Identification of DEGs

Comparison of the two 2009 groups, ‘09MS’ and ‘09 O’, identified 10,375 DEGs (FDR < 0.05, LFC cutoff = 0), including 6,093 downregulated and 4,282 upregulated genes as leaves senesced (Supplementary Table S7).

Comparison of every two chronologically successive developmental states from 2015 and 2016 showed that a total of 14,415 (41.6%) of the expressed 34,623 genes were differentially expressed (FDR < 0.05, LFC cutoff = 0) in three developmental transitions, with 7,198, 7,091, and 5,698 DEGs associated with the transitions from growth to senescence initiation, from reorganization to termination, and from senescence initiation to reorganization, respectively (Supplementary Table S7). In each transition, the number of downregulated genes was slightly larger (i.e., 172 to 943 more) than the number of upregulated genes.

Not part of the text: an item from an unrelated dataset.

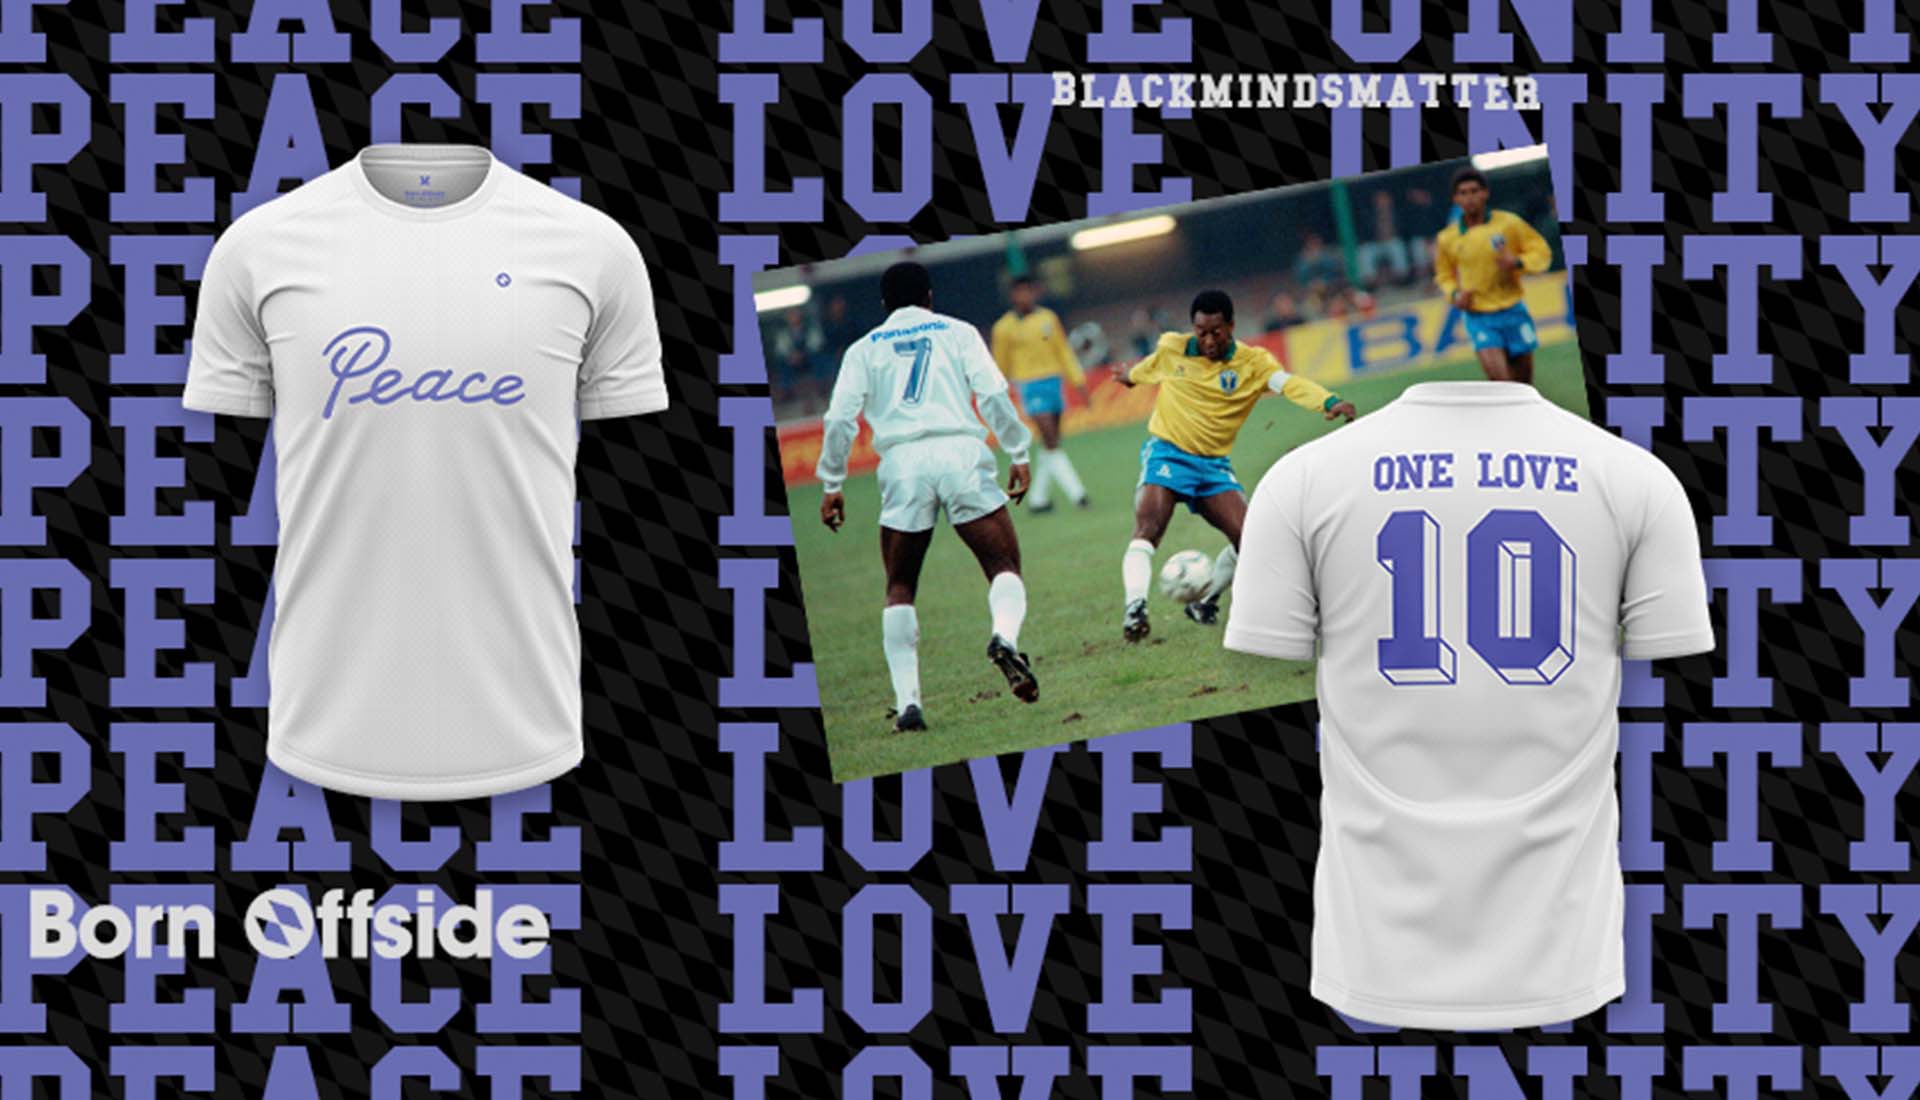 adidas Brasil Produce Special Shirts For 3 Teams For Black Consciousness  Month - SoccerBible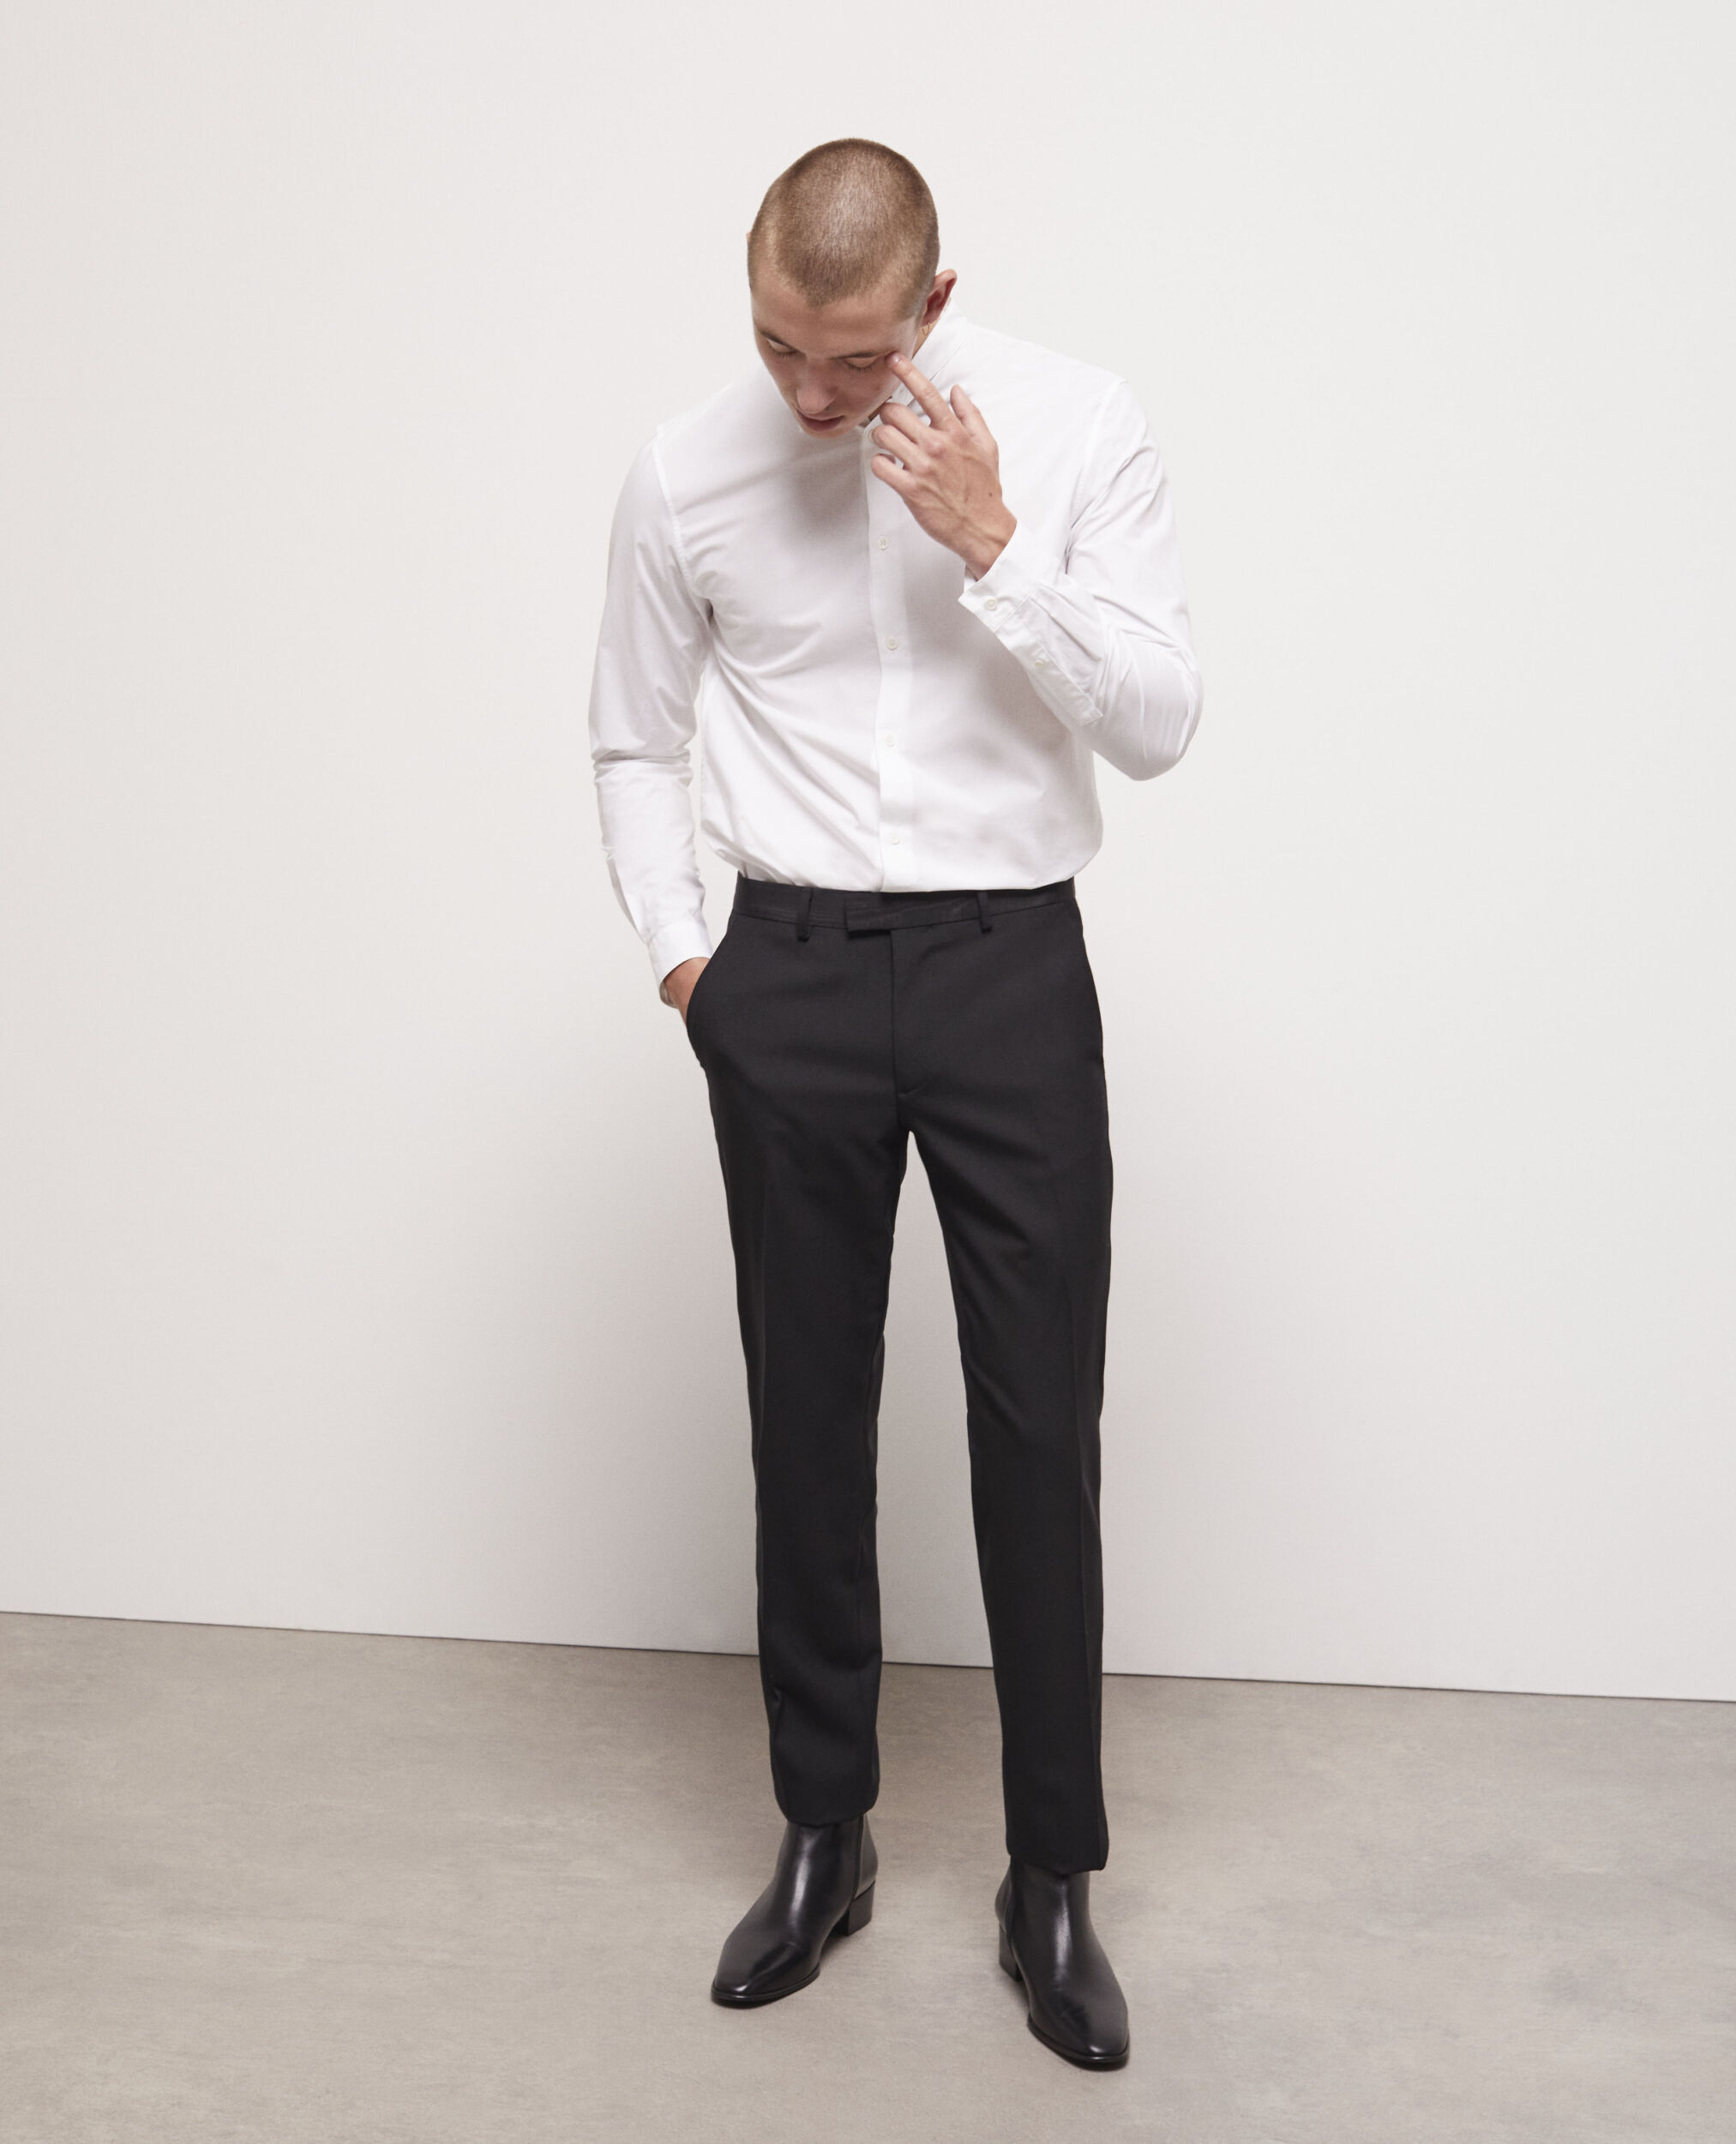 Cuffed Pants Or No? To Cuff Or Not To Cuff... | Berle

Combining 2009- and 2015/2016-based results, there were a total of 17,974 DEGs associated seasonal leaf growth and senescence. Among these DEGs, 3,939 (21.9%, including 2,212 downregulated and 1,727 upregulated) genes were only identified in 2009, and 8,988 (50.0%, including 4,512 downregulated and 4,476 upregulated) genes were specifically identified in 2015 and 2016. Meanwhile, 6,436 (35.8%, including 3,881 downregulated genes and 2,555 upregulated) genes were shared among years (Supplementary Fig. S4). In addition, 1,116 (6.2%) of the DEGs had no Arabidopsis match, and therefore were considered as novel (Supplementary Table S7).

Correlations between RNA-Seq and qRT-PCR expression levels

To validate RNA-Seq reflected transcript level, we performed qRT-PCR and determined the expression levels of four selected DEGs, PtLHB1B1, PtCA1, PtWRKY75, and PtGLR2, relative to the reference gene PtEF1-beta, in July, August, September, and October of 2015. Consistent with RNA-Seq data, qRT-PCR result showed that the expression of PtLHB1B1 and PtCA1 decreased, while the expression of PtWRKY75 and PtGLR2 kept increasing, during the onset and progression of senescence (Fig. 5). Pearson correlation coefficients ranged from 0.73 to 0.88 for each gene. Regression analysis of tree means indicated a quadratic relationship between the RNA-Seq data and qRT-PCT data (p < 0.001 for the quadratic term) fit our data better than a linear relationship (Supplementary Fig. 5).

Figure 5

qRT-PCR validation of RNA-Seq data. Green bars represent DESeq. 2-normalized read counts, orange lines represent qRT-PCR determined relative transcript levels, error bars indicate standard errors (SEs) over three biological replicates, r values indicate Pearson correlation coefficients.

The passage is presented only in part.